作者: 白新岭    时间: 2012-1-5 07:34
标题: [原创]k生素数群的数量公式
最近在天山草先生的k家村之后,又出现了n阶m生素数。
这是k生素数的减法合成问题与加法合成相对应,2元的比较好研究,好分析;多元的就是多维的,可在低元,低维,低阶的基础上向外扩展,就像多元方程组有多到少解决问题的反运用,这时要把多元,多维,高阶的从低元,低维,低阶一步一步的向上扩,直到增到为止。这里有个问题需要解决和处理,要把k生素数看成一个整体,这样问题才能简化,才有可能解决问题。

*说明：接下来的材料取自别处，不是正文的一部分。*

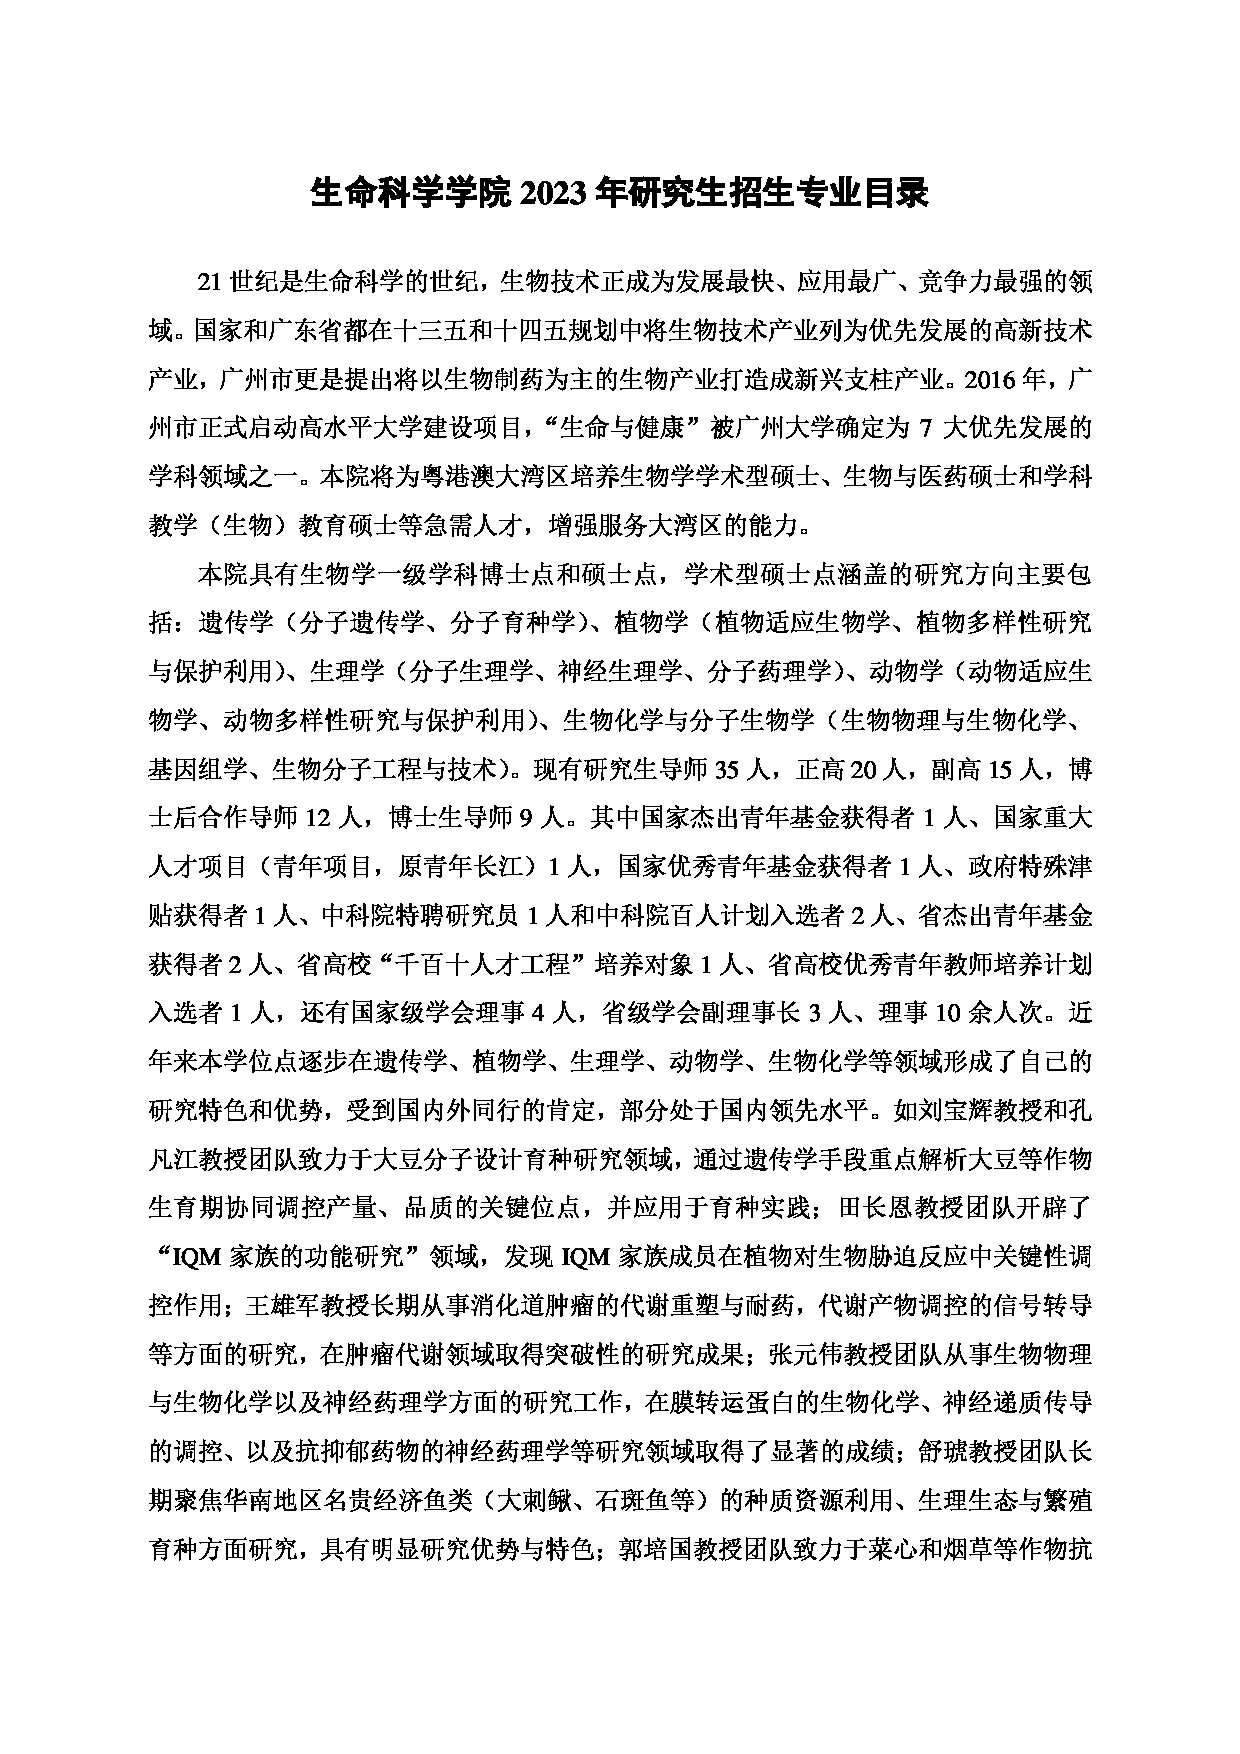 2023招生目录：广州大学2023年  17生命科学学院 研究生考试招生目录第1页
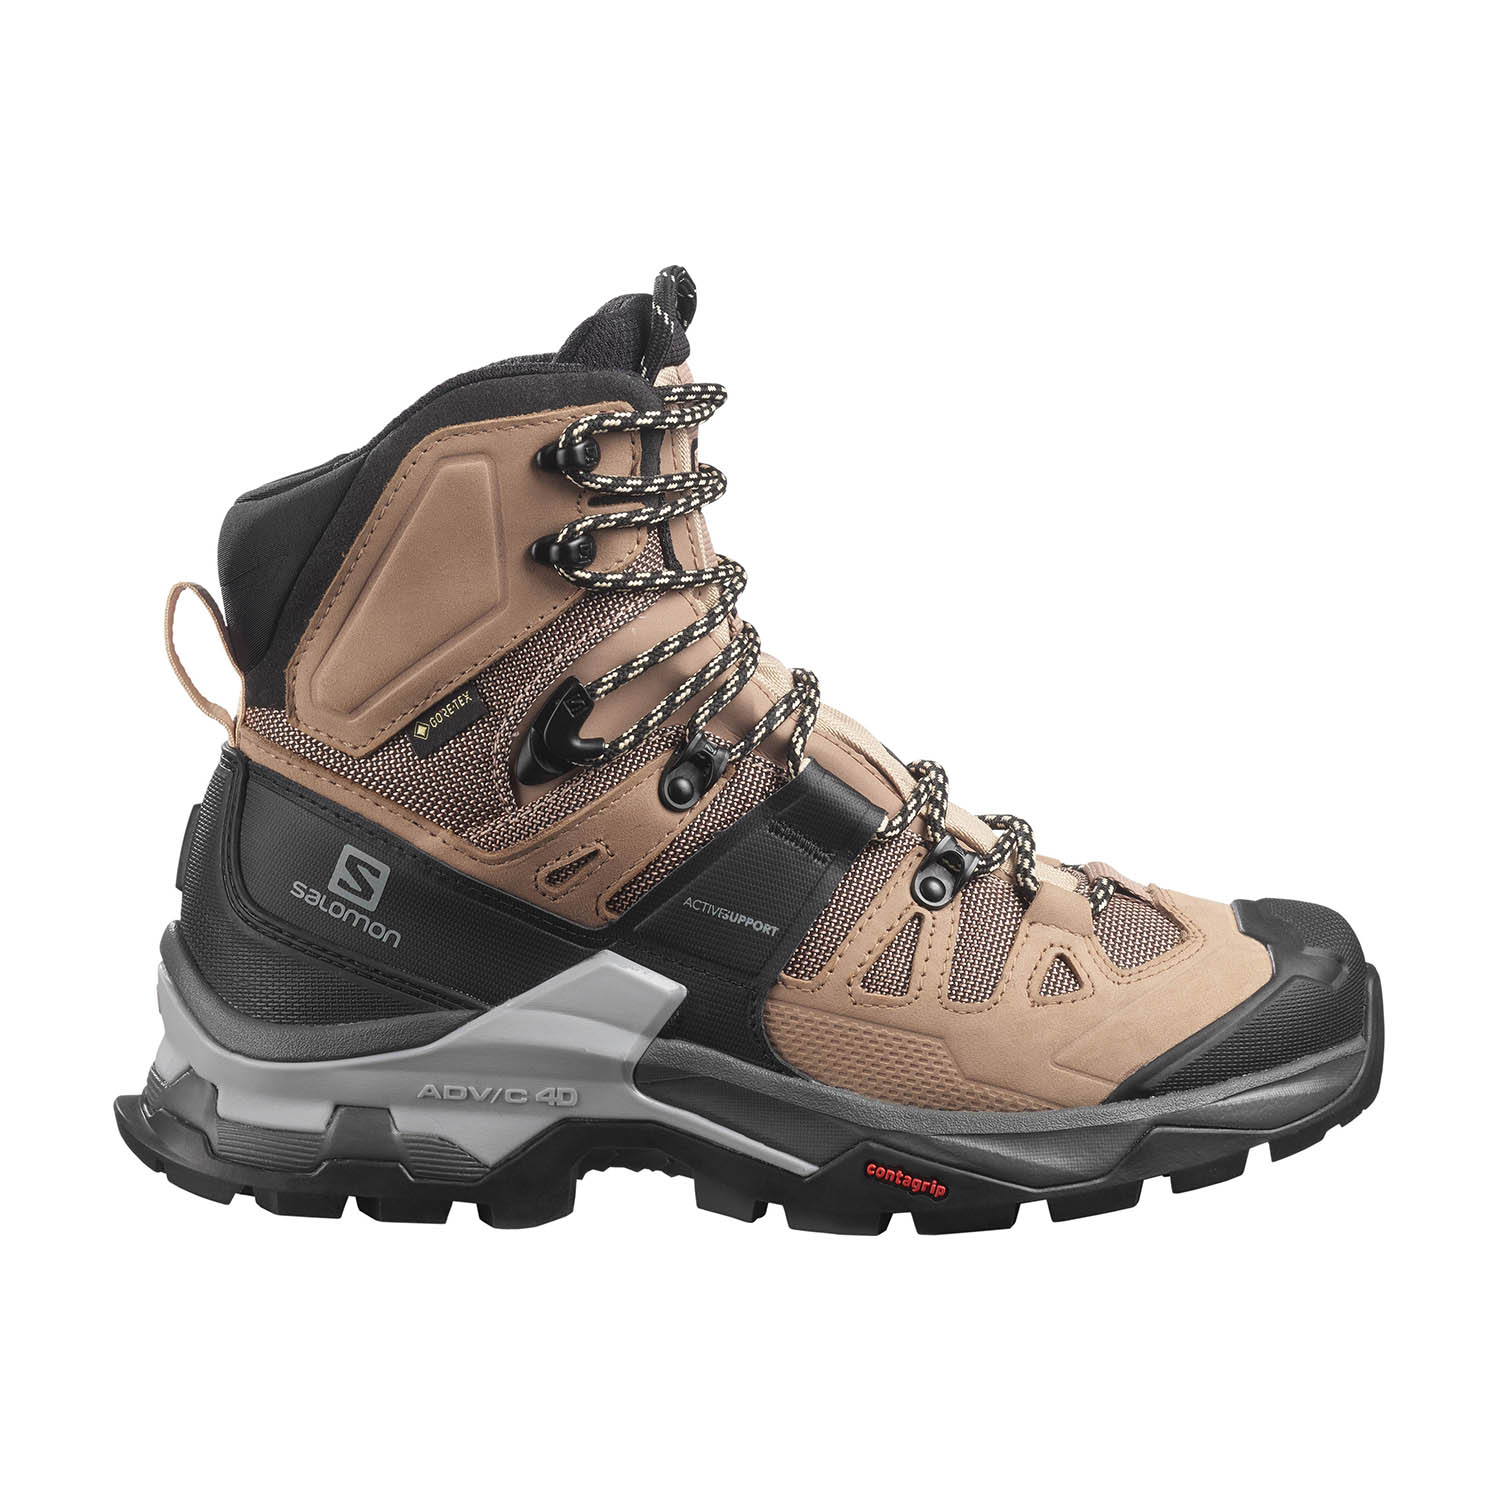 Salomon Quest 4 GTX Women's Hiking Shoes - Sirocco/Mocha Mousse

作者: 白新岭    时间: 2012-1-5 07:37
标题: [原创]k生素数群的数量公式
上楼是自己早晨浏览n阶m生素数时偶然想到的。2012年1月5日早晨7.36分前。
作者: 白新岭    时间: 2012-2-27 11:47
标题: [原创]k生素数群的数量公式
好久不来了,从新看一看,或许有收获。
作者: 白新岭    时间: 2012-7-21 08:51
标题: [原创]k生素数群的数量公式
温故而知新,可以为师矣 。顶起
作者: 白新岭    时间: 2013-2-4 09:05
标题: [原创]k生素数群的数量公式
一年多了,没有时间,没有精力研究k生素数了,有喜爱素数的朋友可以继续去研究,去挖掘里边的奥秘,功夫没有白费的,会有回报。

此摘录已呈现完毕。